— Task to complete —
All records below are to be duplicated exactly, with every picture excluded.

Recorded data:
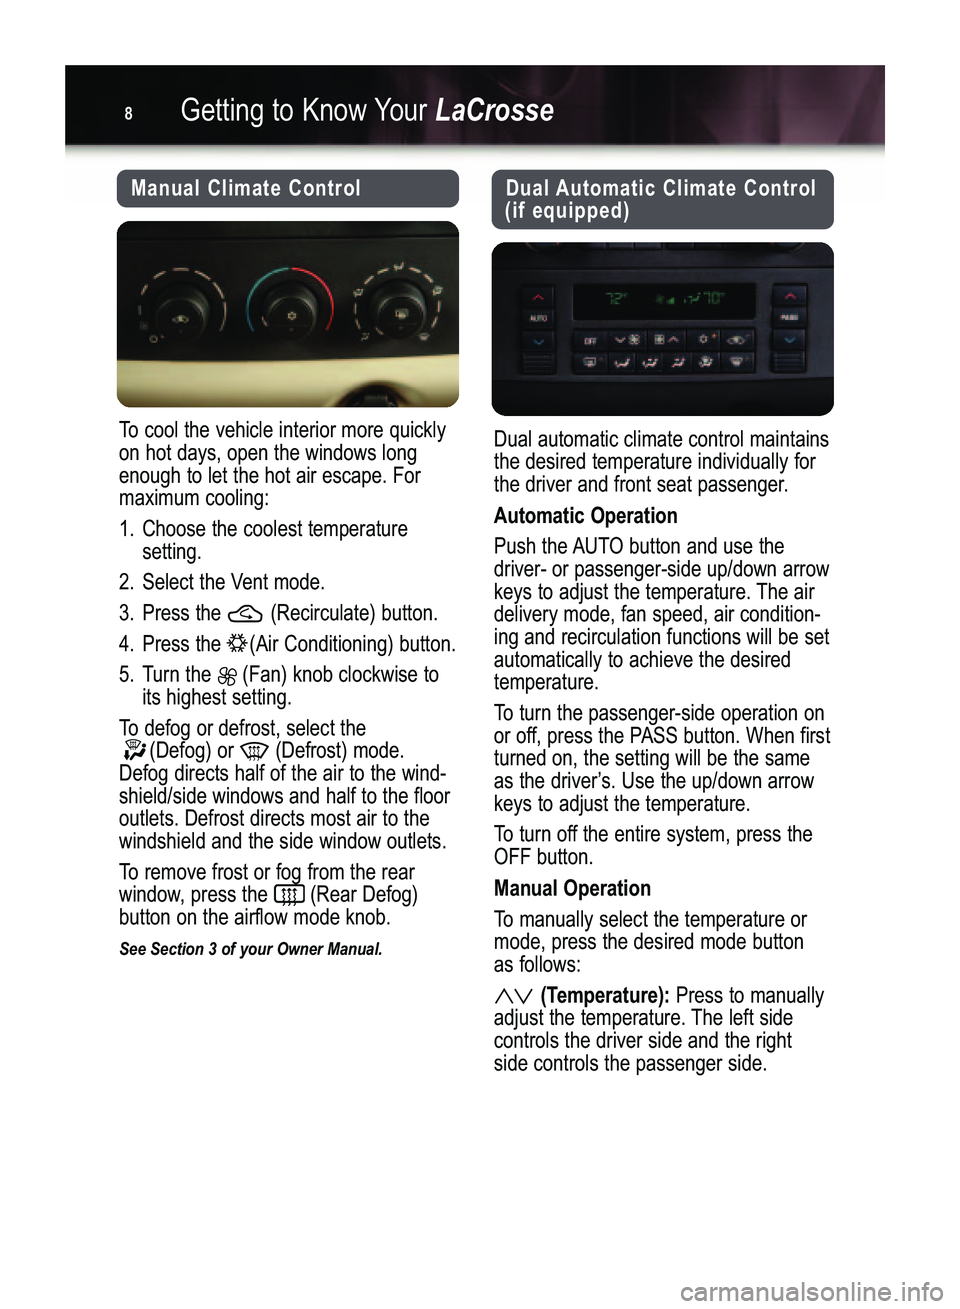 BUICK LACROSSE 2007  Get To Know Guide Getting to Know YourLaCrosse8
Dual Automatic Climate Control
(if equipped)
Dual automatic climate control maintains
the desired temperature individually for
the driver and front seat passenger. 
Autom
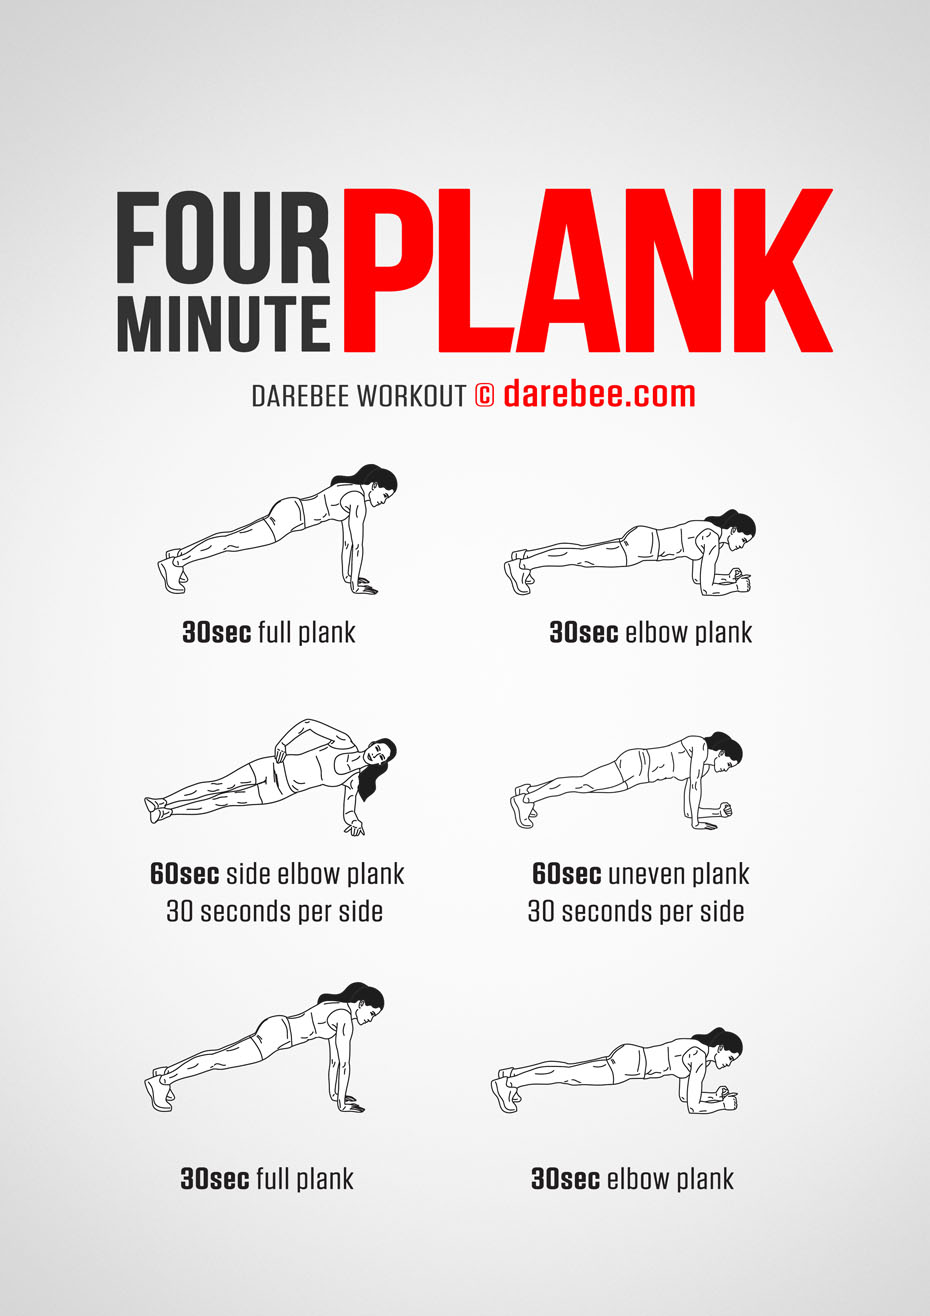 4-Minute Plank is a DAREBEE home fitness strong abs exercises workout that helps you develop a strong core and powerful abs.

— Solution for this exercise —
 BUICK LACROSSE 2007  Get To Know Guide Getting to Know YourLaCrosse8
Dual Automatic Climate Control
(if equipped)
Dual automatic climate control maintains
the desired temperature individually for
the driver and front seat passenger. 
Autom
 4-Minute Plank is a DAREBEE home fitness strong abs exercises workout that helps you develop a strong core and powerful abs.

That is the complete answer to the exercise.